CHAPTER TWENTY-FIVE.

"Rafe moved Nicolette away from Storyville after our encounter. She was still very young. As she grew up, I don't know what she remembered about those days. But she was a resilient child...."

Aurore watched Phillip, who very soon into their session had abandoned the love seat for the window. He was staring at the garden beyond. He didn't speak.

"There's more to the story," she said. "I suppose you think that you know everything you were meant to. But you don't. Not yet."

He faced her, his arms crossed in front of him. He was so much like his grandfather, but she would not tell him so. Telling him was a gift he wouldn't appreciate. Not yet.

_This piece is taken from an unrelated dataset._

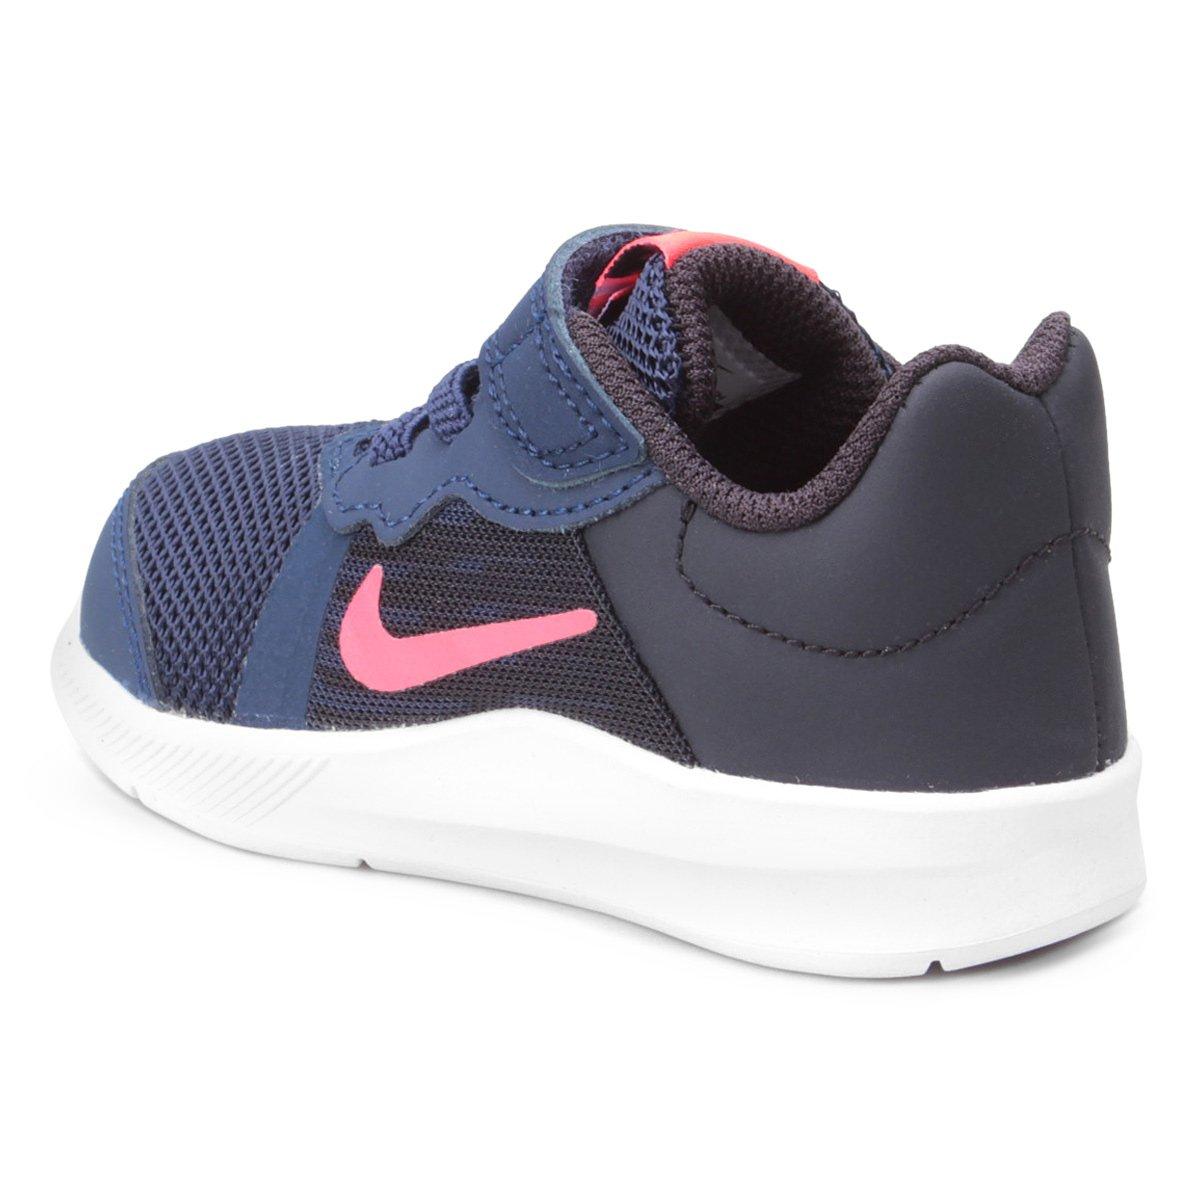 71fb42a5b19 Foto 2 - Tênis Infantil Nike Downshifter 8 Gtv Com Velcro Feminino

"Your reasons for wanting me to write your story never rang true." He didn't move toward her. Aurore thought that perhaps he was afraid to be too close, as if he couldn't trust himself. "I knew there was more to this than you were telling me. I thought something interesting might come of it."

"But you never expected this."

"Why?"

There were a thousand whys, and a thousand answers. She didn't know which question he had asked, so she chose the only one she wanted to answer now.

"If I had called you and told you I was your grandmother, would you have agreed to come and talk to me?"

He stiffened when she said the words, as if he had hoped, wildly, foolishly, that his conclusions had been wrong. "I don't know."

"Neither did I. This was the only way I could be sure you would." She held up her hand to silence him as he started to speak. "But I never lied to you about wanting this story told. There are things you still don't understand. More than I can tell in a day, or a week. You are not my only grandchild. I have another. And someday, with your help, Dawn will understand it all, too."

His eyes blazed with anger. "What makes you think I want to help you? Blood ties? Do you think you've told me anything I'd want to repeat? Do you think I feel honored being part of your family or your race? That I feel more human somehow?"

"And what about your mother, Phillip?"

"What about her? Shall I tell her that her mother didn't die at her birth after all? That she's a rich white lady who's sorrier than she can say that she didn't love her enough to be a mother to her? Did you imagine that I'd intercede for you? That I'd help you plan a reunion?"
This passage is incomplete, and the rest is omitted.